Ollama keeps recently used models in RAM for a few minutes by default, so switching back and forth between two or three models is nearly instant. For long-running setups, use ollama ps to check memory pressure.

Using the HTTP API

This is where Ollama becomes genuinely useful for developers. When the Ollama daemon is running, it exposes a REST API on http://localhost:11434 that any HTTP client can hit — curl, Postman, Python, JavaScript, Go, whatever.

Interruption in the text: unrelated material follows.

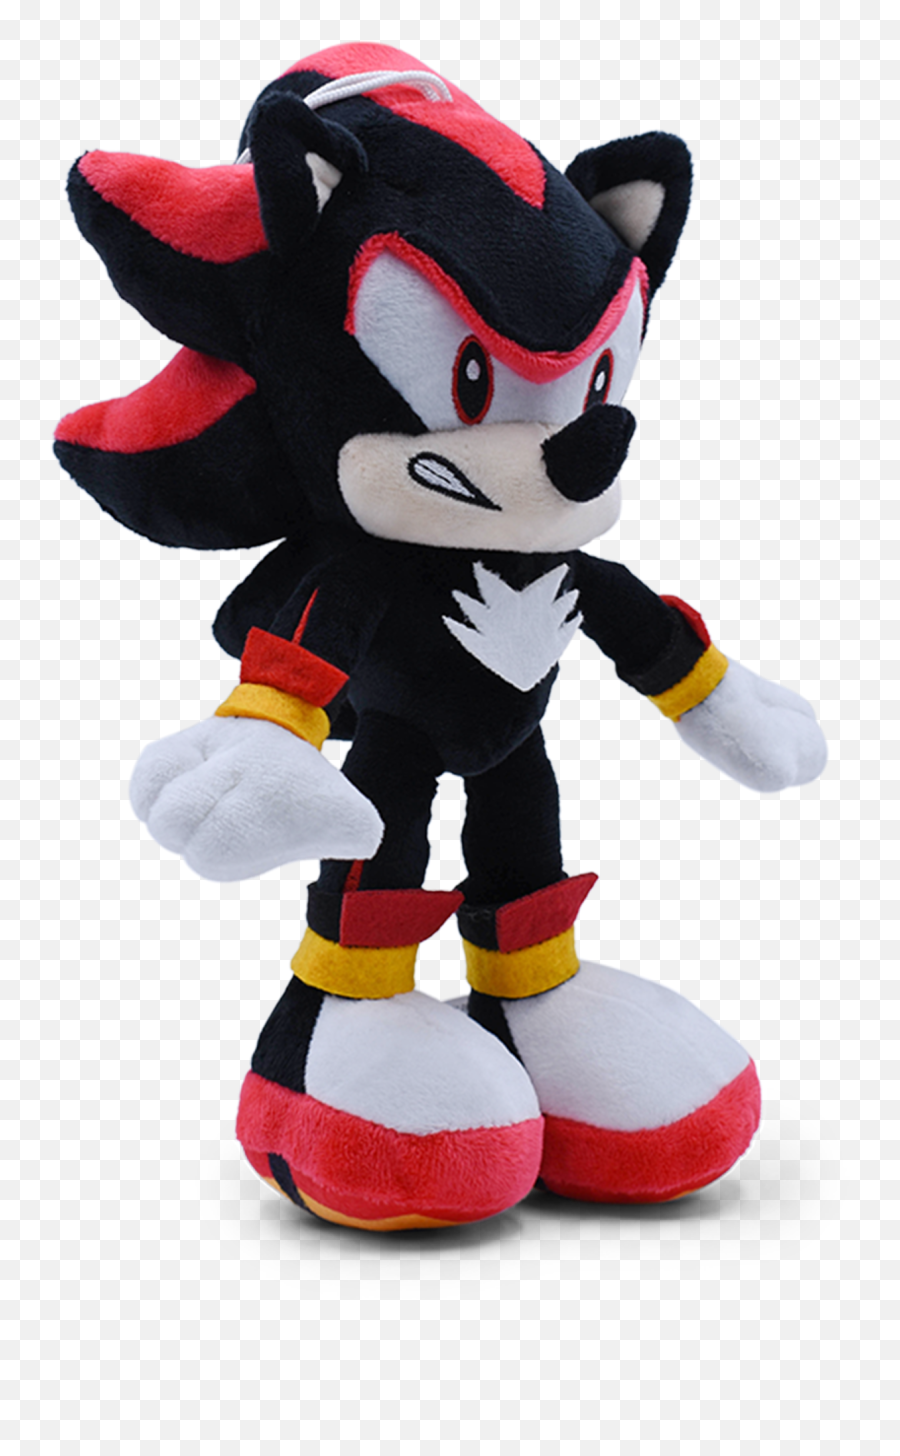 Seekfunning Sonic 11 Plush Shadow The Hedgehog Doll Toy - Sonic The Hedgehog Png,Silver The Hedgehog Icon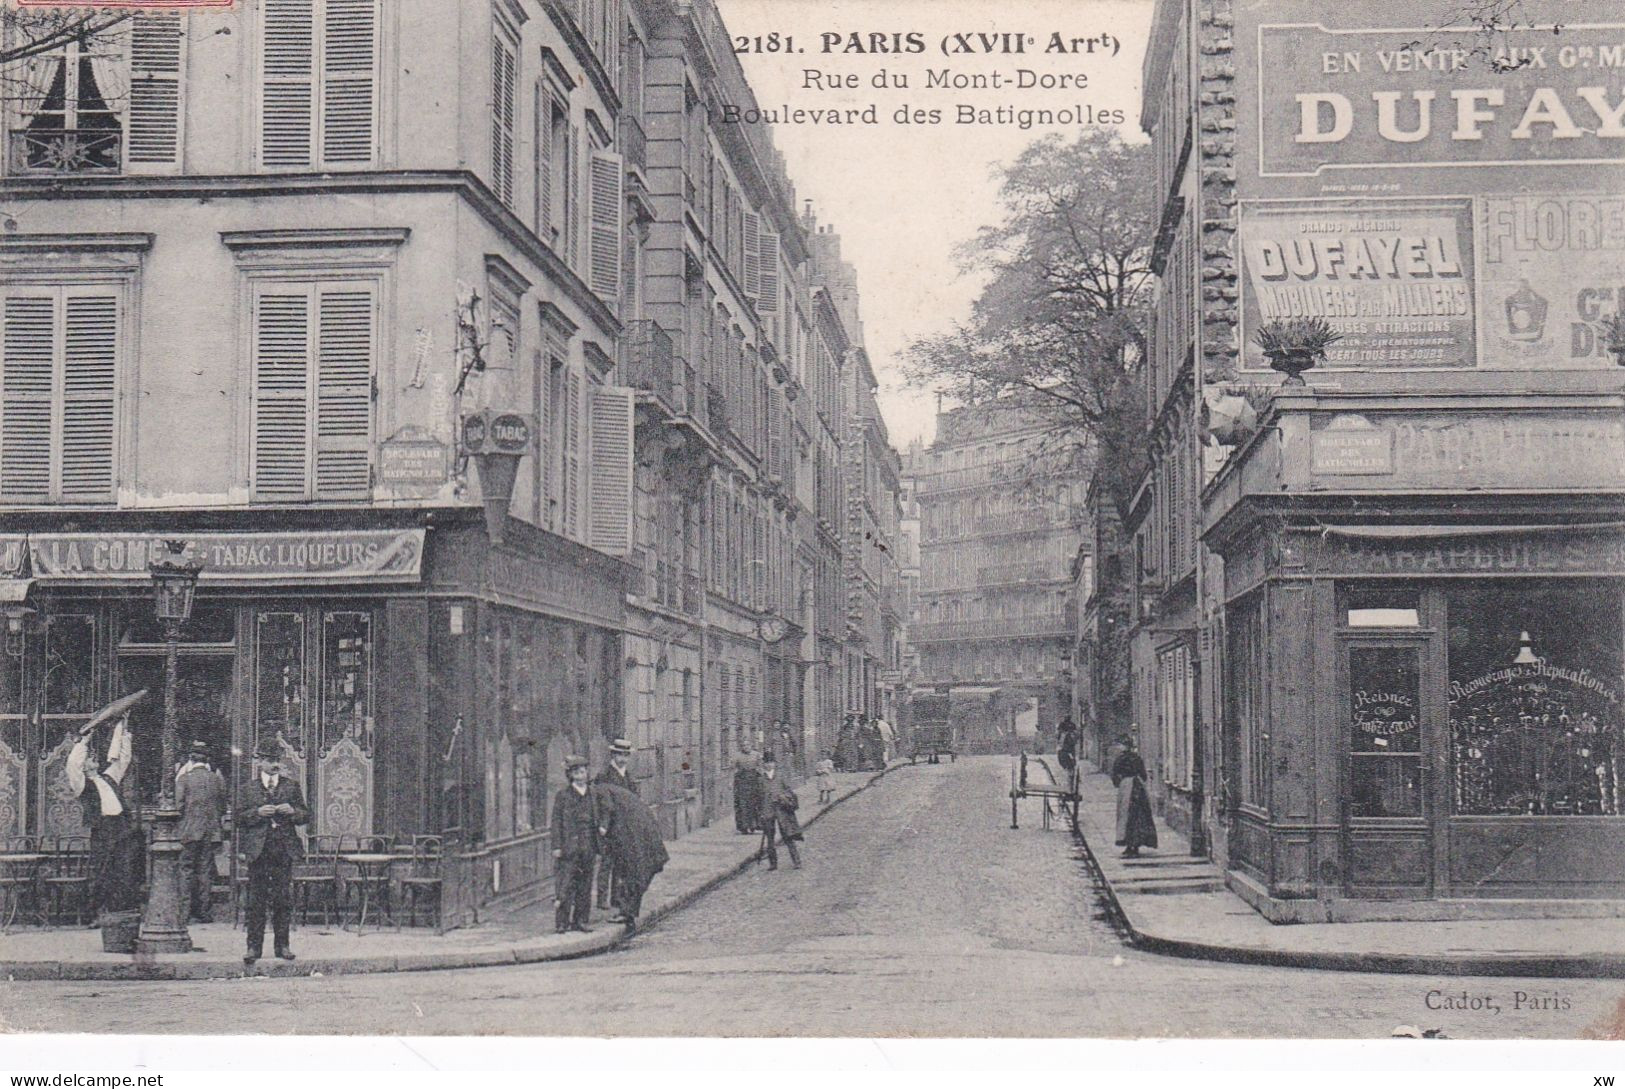 PARIS -75017- Rue Du Mont-Dore - Boulevard Des Batignolles - Animation - 19-05-24 - Paris (17)

If the server is not running, start it manually:

ollama serve

Quick Test with curl

curl http://localhost:11434/api/chat -d '{
  "model": "llama3.2",
  "messages": [
    { "role": "user", "content": "Why is the sky blue?" }
  ],
  "stream": false
}'

You will get a JSON response with the model’s full answer. Setting "stream": true streams tokens as they are generated — ideal for chat UIs where you want text to appear word by word.

Python Integration

Ollama ships with an official Python SDK that wraps the HTTP API cleanly. Install it with pip:

pip install ollama

Basic Chat Example

from ollama import chat

response = chat(
    model='llama3.2',
    messages=[
        {'role': 'user', 'content': 'Explain Docker in 3 sentences'}
    ]
)

print(response.message.content)

Streaming Responses

For real-time output in chatbots or CLIs, stream the response token by token:

from ollama import chat

stream = chat(
    model='llama3.2',
    messages=[{'role': 'user', 'content': 'Write a haiku about Python'}],
    stream=True
)

for chunk in stream:
    print(chunk['message']['content'], end='', flush=True)

OpenAI-Compatible Mode

One of Ollama’s best 2026 features: it speaks the OpenAI API protocol. If you already have code built for OpenAI, you can point it at Ollama by changing two lines:

from openai import OpenAI

client = OpenAI(
    api_key='ollama',                       # dummy key, not checked
    base_url='http://localhost:11434/v1'    # point at local Ollama
)

response = client.chat.completions.create(
    model='llama3.2',
    messages=[
        {'role': 'user', 'content': 'Hello, how are you?'}
    ]
)

print(response.choices[0].message.content)

This drop-in compatibility means every LangChain, LlamaIndex, and OpenAI-based tool on the market works with local Ollama models without code changes.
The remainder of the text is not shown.